Nietzsche offers an aristocratic grammar and outlook that can be extended to the national level through proclamations that one belongs to a great people who have been humiliated and shamed by decadent and corrupting egalitarian enemies. Once these enemies are overcome by a rarefied elite of super-duper men, this Eminem blonde people can once more fulfill its grand destiny through palingenetic renewal. While technically at cross purposes with Nietzsche’s exclusion of all demotic politics, this offers a useful way to drum up popular support for the far right in the same way figures like DeBow hoped to induce poor whites to fight and eventually die for the slave system that ultimately benefited the masters above all else. Bronze Age Pervert even concedes the need for these kinds of Nietzschean compromises with Machiavelli. In Bronze Age Mindset, when he isn’t congratulating himself for coming up with coining some neologism as an insult, Pervy the Populist encourages his followers to “make alliance with people who otherwise wouldn’t be your friends. I believe that democracy is the final cause of all the political problems I describe here, but in the short run democracy—the will of the people—is on our side because the democracies have been hijacked by a stupid and corrupt elite.

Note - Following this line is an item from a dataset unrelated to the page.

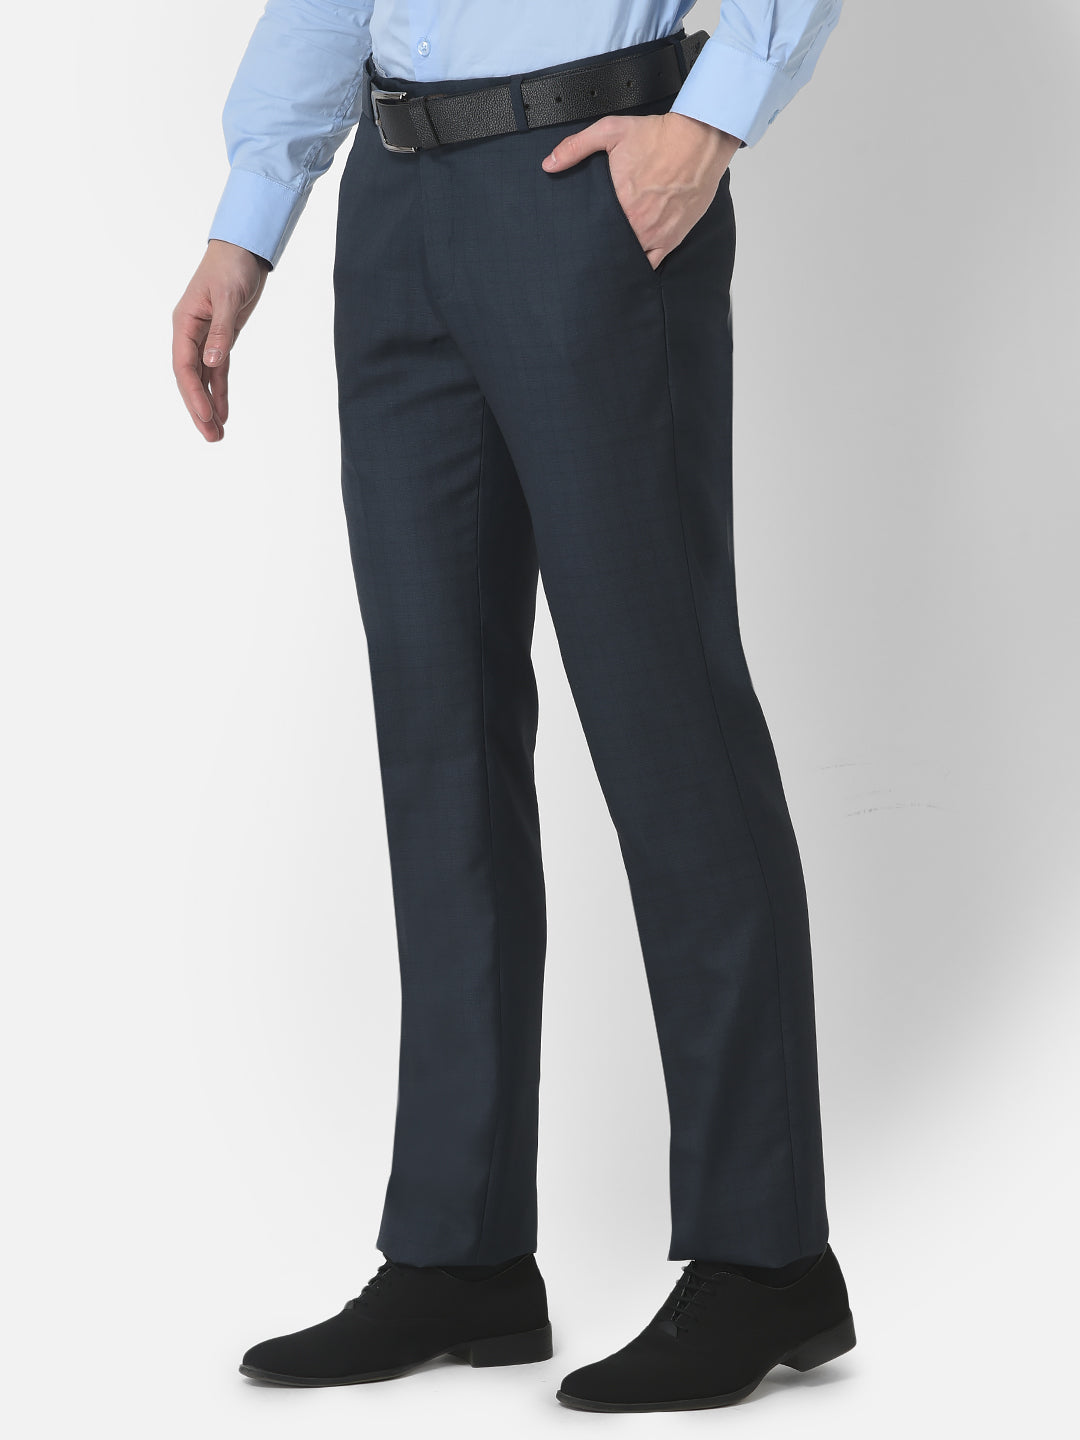 Regular Fit Formal Trousers  Buy Regular Fit Formal Trousers online in  India
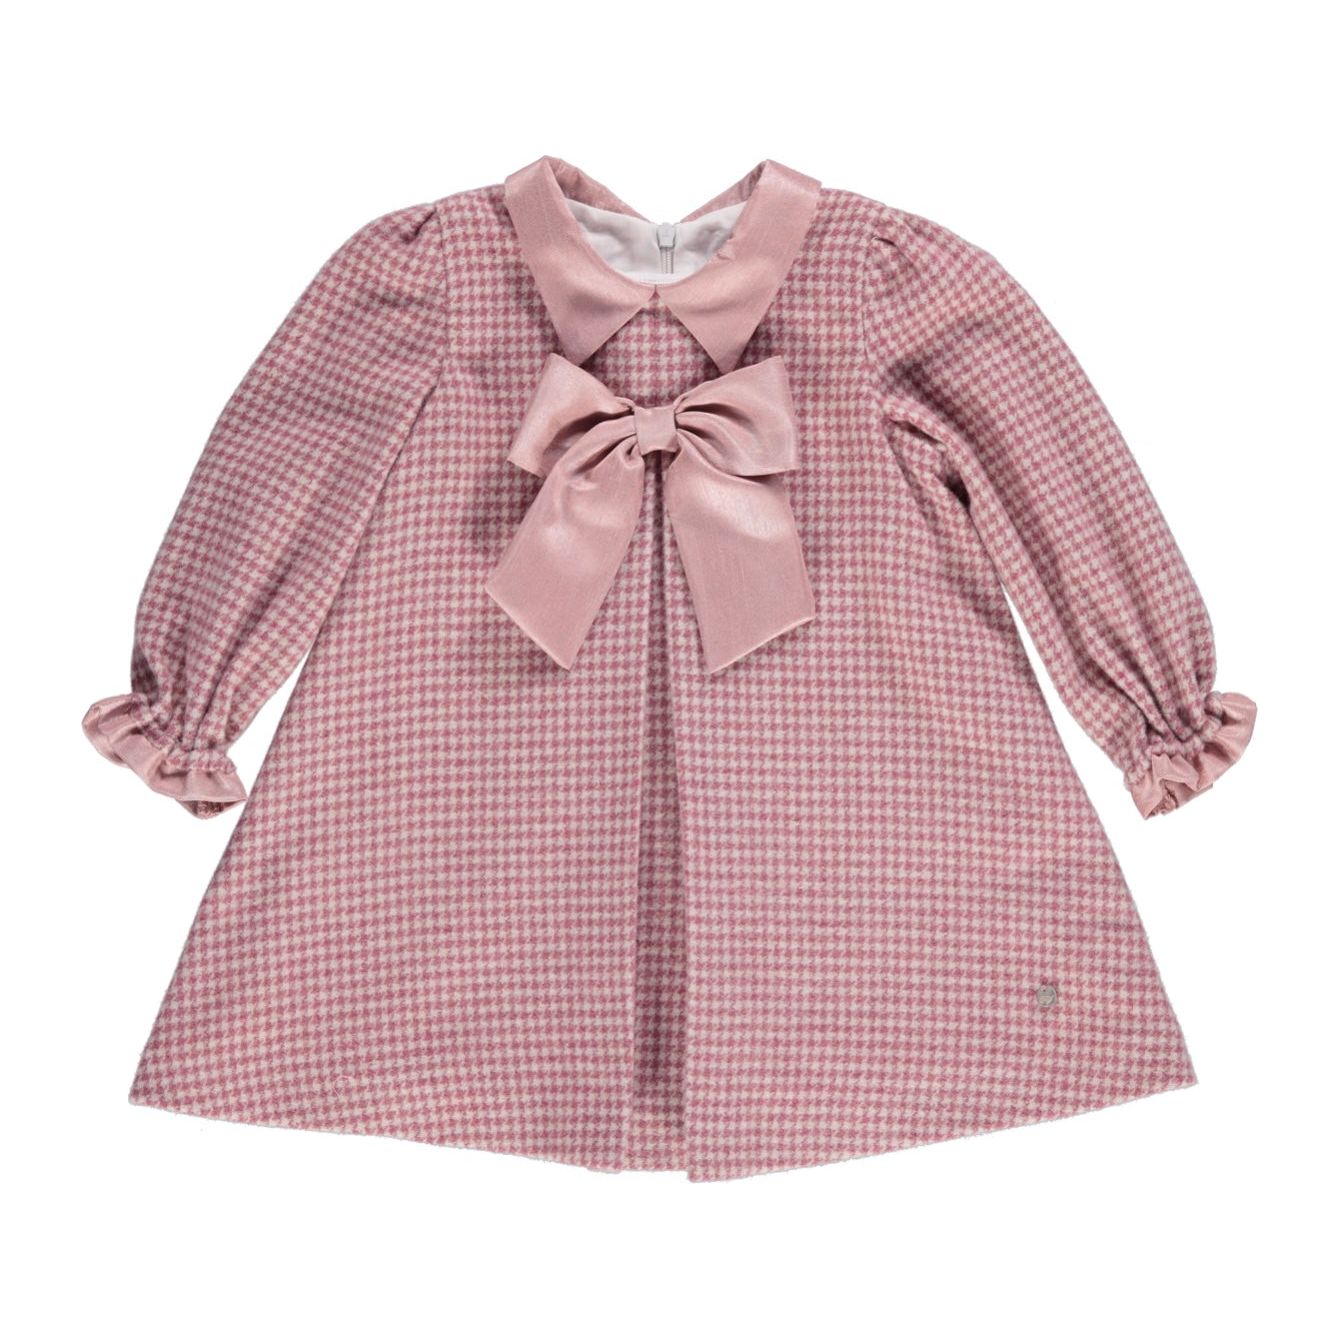 Pink dogtooth dress for little girls

The nations face extinction and an era of permanent civil war because this elite wants to pillage and pillage: and wants to flood them with the shit of the world. This is the immediate threat, and on this you can be allied with people who otherwise may not shoot for the same star you do. If Ann Coulter or Pat Buchanan were in charge, you would get 99% of what you want. Therefore use them as models to solve the problems that face you, and don’t scare the peoples with crazy talk if you want to move things politically. Let the normies have their normal lives, and paint our enemies as the crazies…which they are…and as the corrupt vermin they are. If you haven’t compromised yourself go into political life maybe, and use Trump as a model for success.”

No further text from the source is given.